Author: Rakesh Malhotra

Publisher: Net Worlding Publishing

ISBN: 978-0-9838128-8-3

Ask any parent or child and they will most likely agree that today’s society is rushed, fast-paced, unemotional and stressed out.  In Rakesh Malhotra’s Adventures of the Tornado Kid ~ Whirling Back Home Toward Timeless Values, the author tries to reconnect society’s communication skills involving family, friends and community.

This one hundred and ninety-eight page paperback book has a simple drawing of two silhouetted young children holding hands watching a tornado in the distance on the front jacket.  The book is targeted to young children through middle school ages, with the needed assistance of parents or adults who want to participate and be involved in volunteerism too.  There was no profanity or awkward, scary or sexual scenes.

The story is about eleven year old James and his family and friends.  On the morning that it is his birthday, he anticipates an exciting day but his own parents and brother forget his special day.  Even though he is acknowledged for his birthday at school, he is sad and discouraged about his despondent family.

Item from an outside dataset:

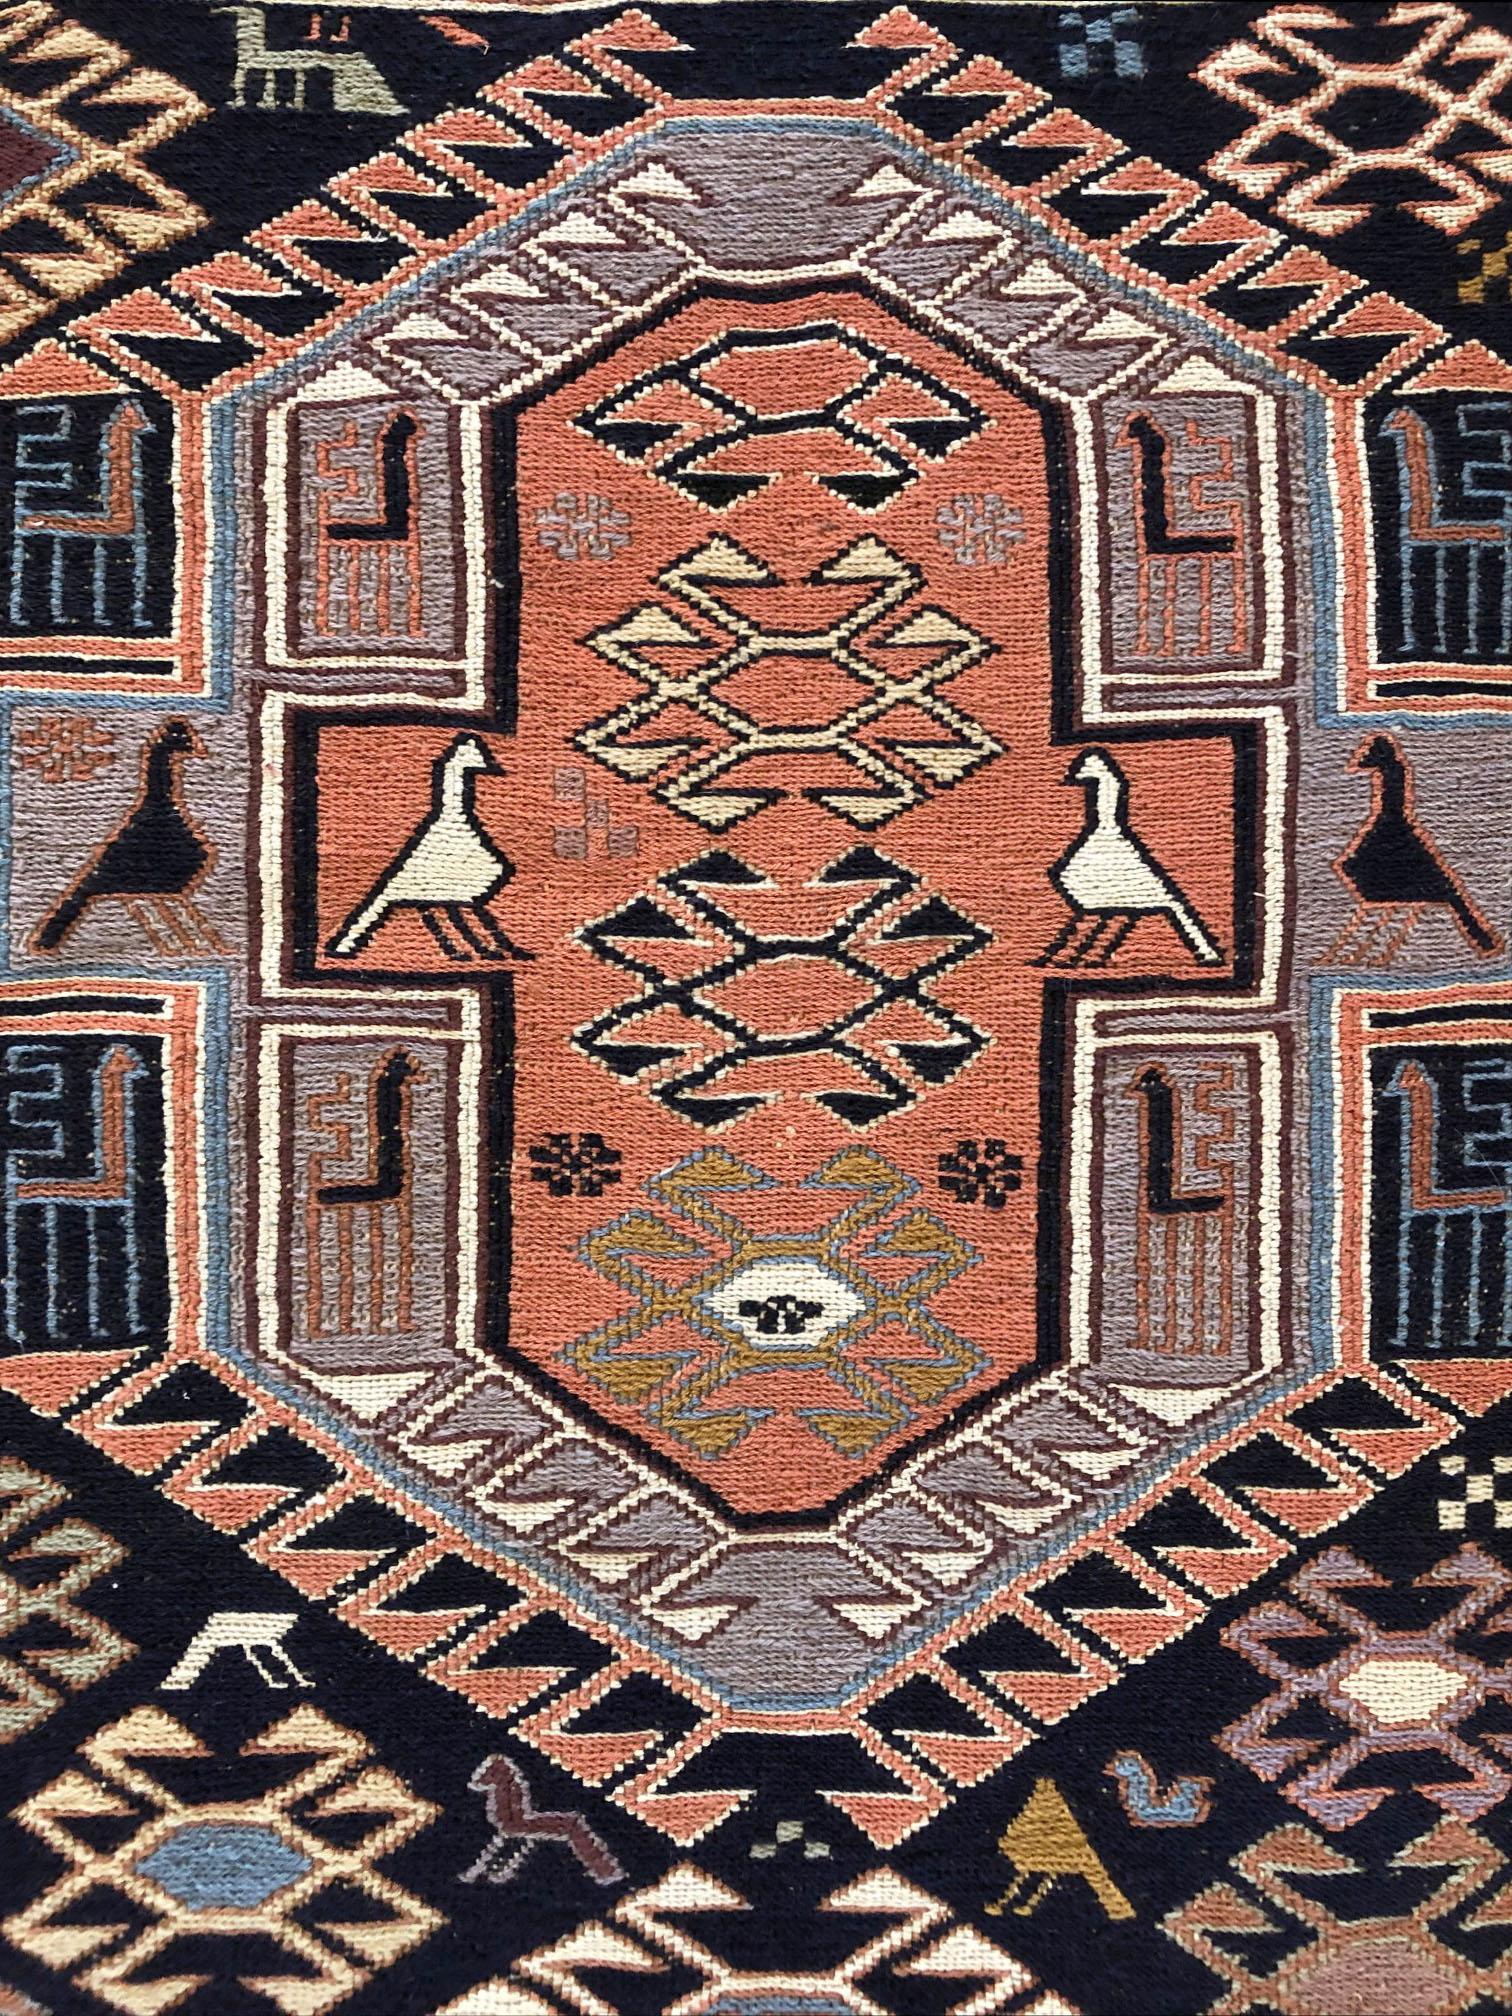 Wool Persian Sumak Multi-Color Tribal Kilim

While in class, the teacher asks suggestions for the upcoming fifth grade volunteer project and James wants it to be special this year.  Hours later, while James, his best friend Alisha and his friends have to hunker down in the school halls, a tornado destroys their town, leaving a wake of debris and destruction to many homes.

Due to the disaster, James suggests the class project to be to aid and assist in helping the community clean up and repair homes, yards and streets damaged from the tornado.  However, he thinks his parents are too busy to contribute to the project and his brother is too lazy and selfish.  Frustrated, he spends several days and nights at Alisha’s house instead of his own, comparing how her family is so much more thoughtful, compassionate and loving.

Without giving away the ending, this hands-on book for both child and parent breaks down the story into five separate relational areas: responsibility, compassion, integrity, peace and love.  After the story ends, there are almost sixty pages of parental guidance and participation that includes definitions of the five areas with quizzes, several activities, challenges and references. 

With many of today’s children being raised without supervision, having hard-to-find quality role models and being brought up with insecurities, this short story’s five global values are passed down in a way that makes children want to improve society, build communities and volunteer to make our world a better place.  There is plenty of room for the author to write similar stories in this venue of engaging children to contribute to improving society.